In the middle of the last century a member of the secret Skull and Bones society, following in the Prussian tradition, set in motion an American educational revolution that has subverted the entire system toward the goals of the New World Order. That man was Daniel Coit Gilman, first president of Johns Hopkins University and of the Carnegie Institution. Gilman studied Hegelian philosophy at the University of Berlin in 185455. Also at the University of Berlin during this time was the earlier mentioned Wilhelm Wundt, who was key in applying Hegelian-styled psychology to the world.

Gilman came from a family of Bonesmen and, after he returned from Germany, in 1856 became treasurer of Skull and Bones.

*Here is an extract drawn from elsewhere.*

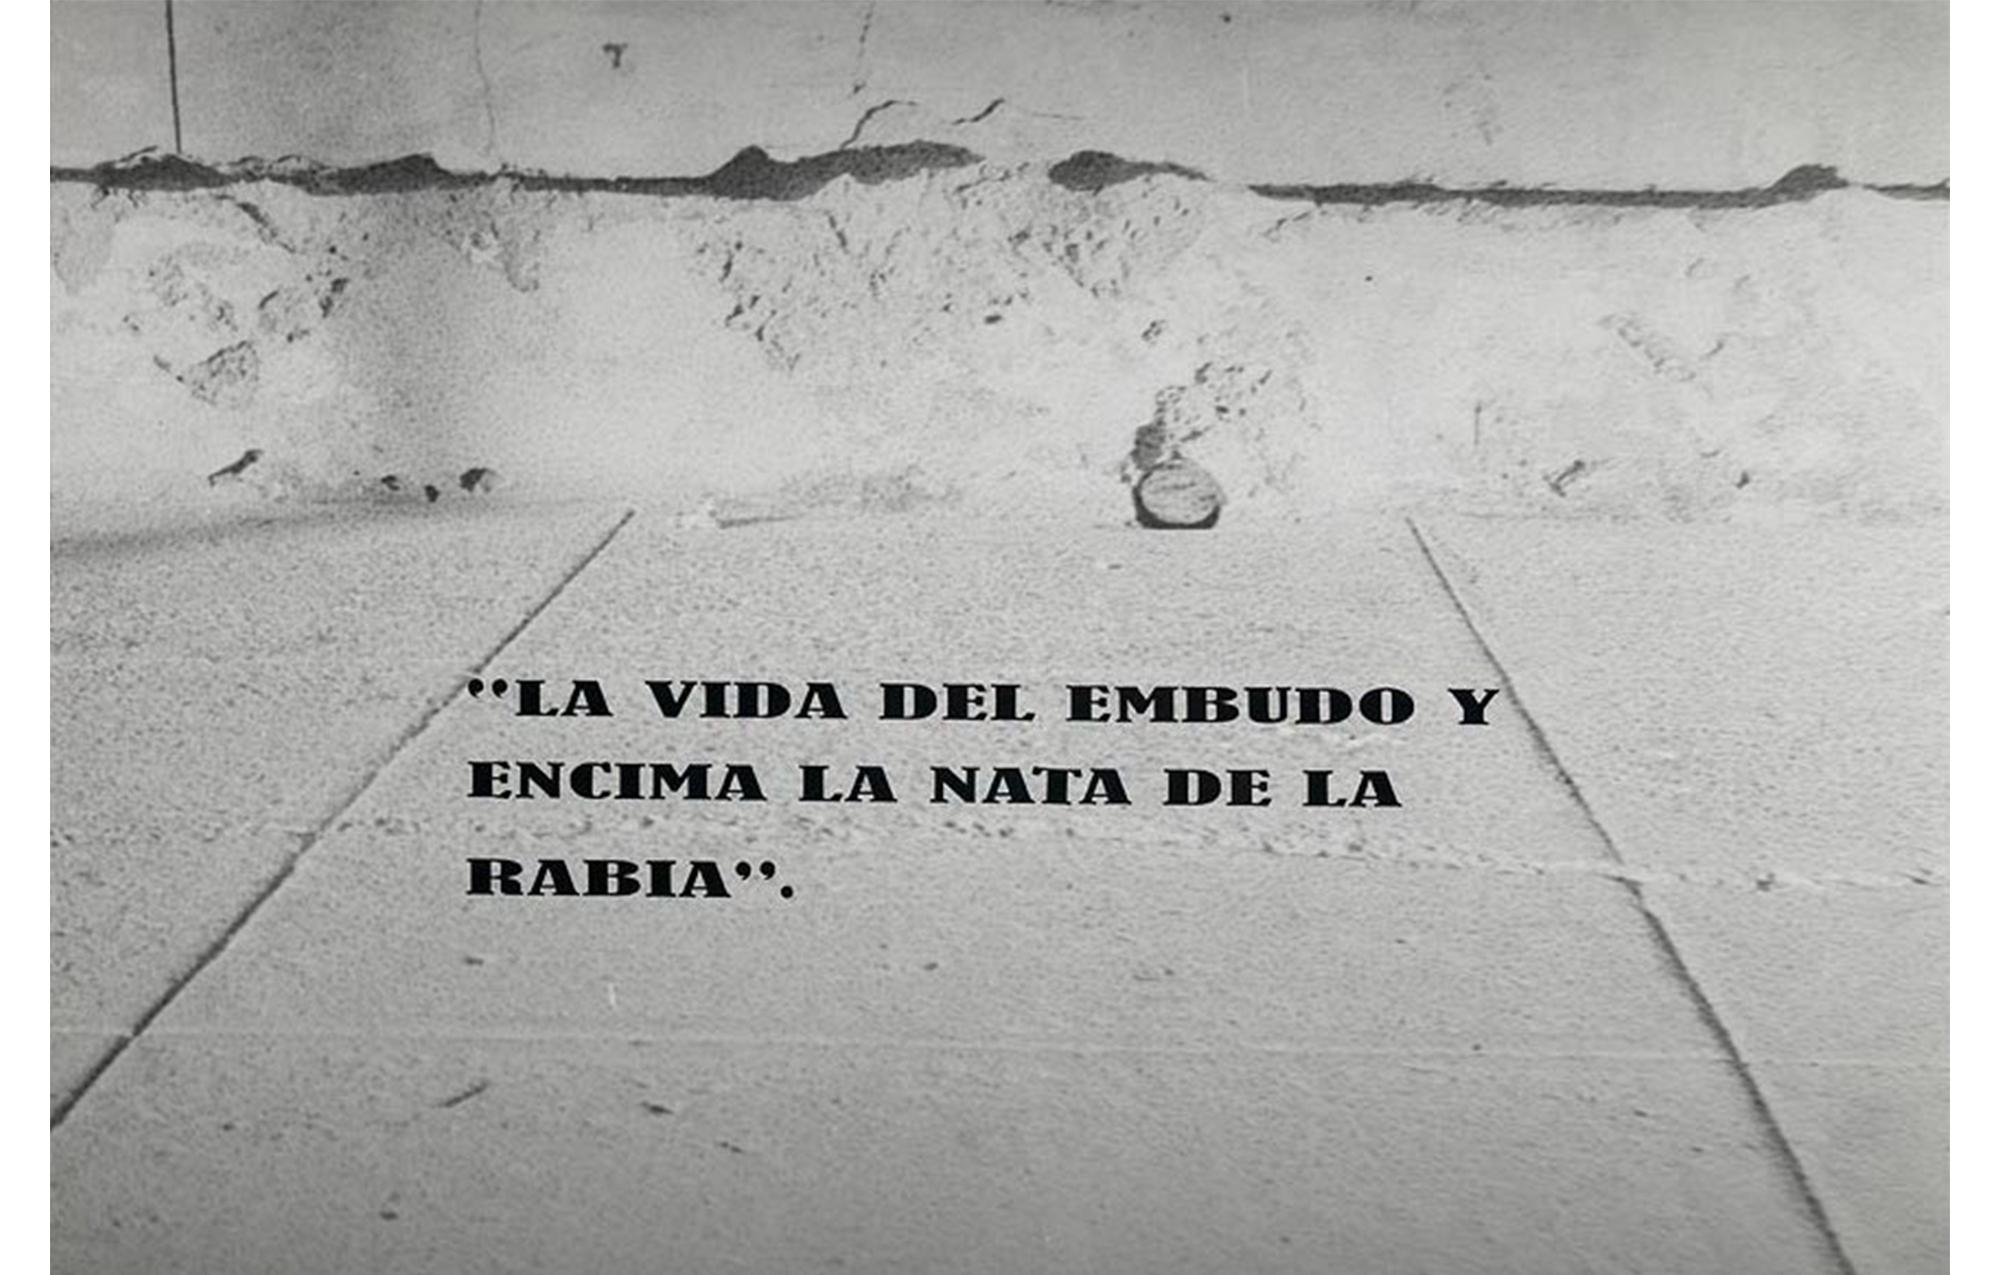 concrete wall with applied text: "LA VIDA DEL EMBUDO Y / ENCIMA LA NATA DE LA / BARIA".

Simultaneously, Gilman became assistant librarian at Yale, and was appointed to the position of head librarian two years later.
During the same period Skull and Bones covertly took over the administration of Yale University, with the presidency of the school from that period forward turned over to a succession of illuminized Bonesmen. According to The Iconoclast (October 13, 1873),
"They have obtained control of Yale. Its business is performed by them. Money paid to the college must pass into their hands, and be subject to their will. No doubt they are worthy men in themselves, but the many whom they looked down upon while in college, cannot so far forget as to give money freely into their hands. Men in Wall Street complain that the college comes straight to them for help, instead of asking each graduate for his share. The reason is found in a remark made by one of Yale's and America's first men: 'Few will give but Bones men, and they care far more for their society than they do for the college.' The Woolsey Fund has but a struggling existence, for kindred reasons... Here, then, appears the true reason for Yale's poverty. She is controlled by a few men who shut themselves off from others, and assume to be their superiors..."
Gilman met with Frederick T. Gates, who ran Rockefeller's foundations, and he implored him to set up the Southern Educational Board, merging the Slater and Peabody funds. Gilman called the foundation the General Education Board—signaling his intentions. The organization was later renamed The Rockefeller Foundation. [2]
Gilman was the first president of Johns Hopkins University, and he carefully chose for the faculty members from the Skull and Bones and other groups of the Hegelian stripe. Among those was G. Stanley Hall, the first of Wundt's American students to make a mark. Hall's training in Leipzig was paid for by a loan from a member of Scroll & Key, sister society to Skull and Bones at Yale. In Leipzig, Hall immersed himself in Hegelian-inspired psychological studies taught by materialist psychologists like Hartmann, Helmholtz, and his greatest influence, Wundt. Returning to America in 1883, he took over the psychological laboratory at the new Johns Hopkins, and started the American Psychological Association and the American Journal of Psychology. According to Hall, "The psychology I taught was almost entirely experimental and covered for the most part the material that Wundt had set forth in the later and larger edition of Physiological Psychology." [3]
In 1889 Hall was chosen as the first president of the newly established Clark University in Worcester, Massachusetts. Hall was the mentor of one of the most influential names in American education of this century: John Dewey.
Dewey studied under Hall at Johns Hopkins, moving on to teach at the universities of Michigan and Minnesota. Another major influence upon Dewey was the Hegelian philosopher George Sylvester Morris, who had received his doctorate from the University of Berlin. According to Dewey, echoing the sentiments of his Prussian mentors,
"There is no god, and there is no soul. There are no needs for the props of traditional religion. "With dogma and creed excluded, then immutable truth is also dead and buried.
"There is no room for fixed, natural law or permanent moral absolutes." [4]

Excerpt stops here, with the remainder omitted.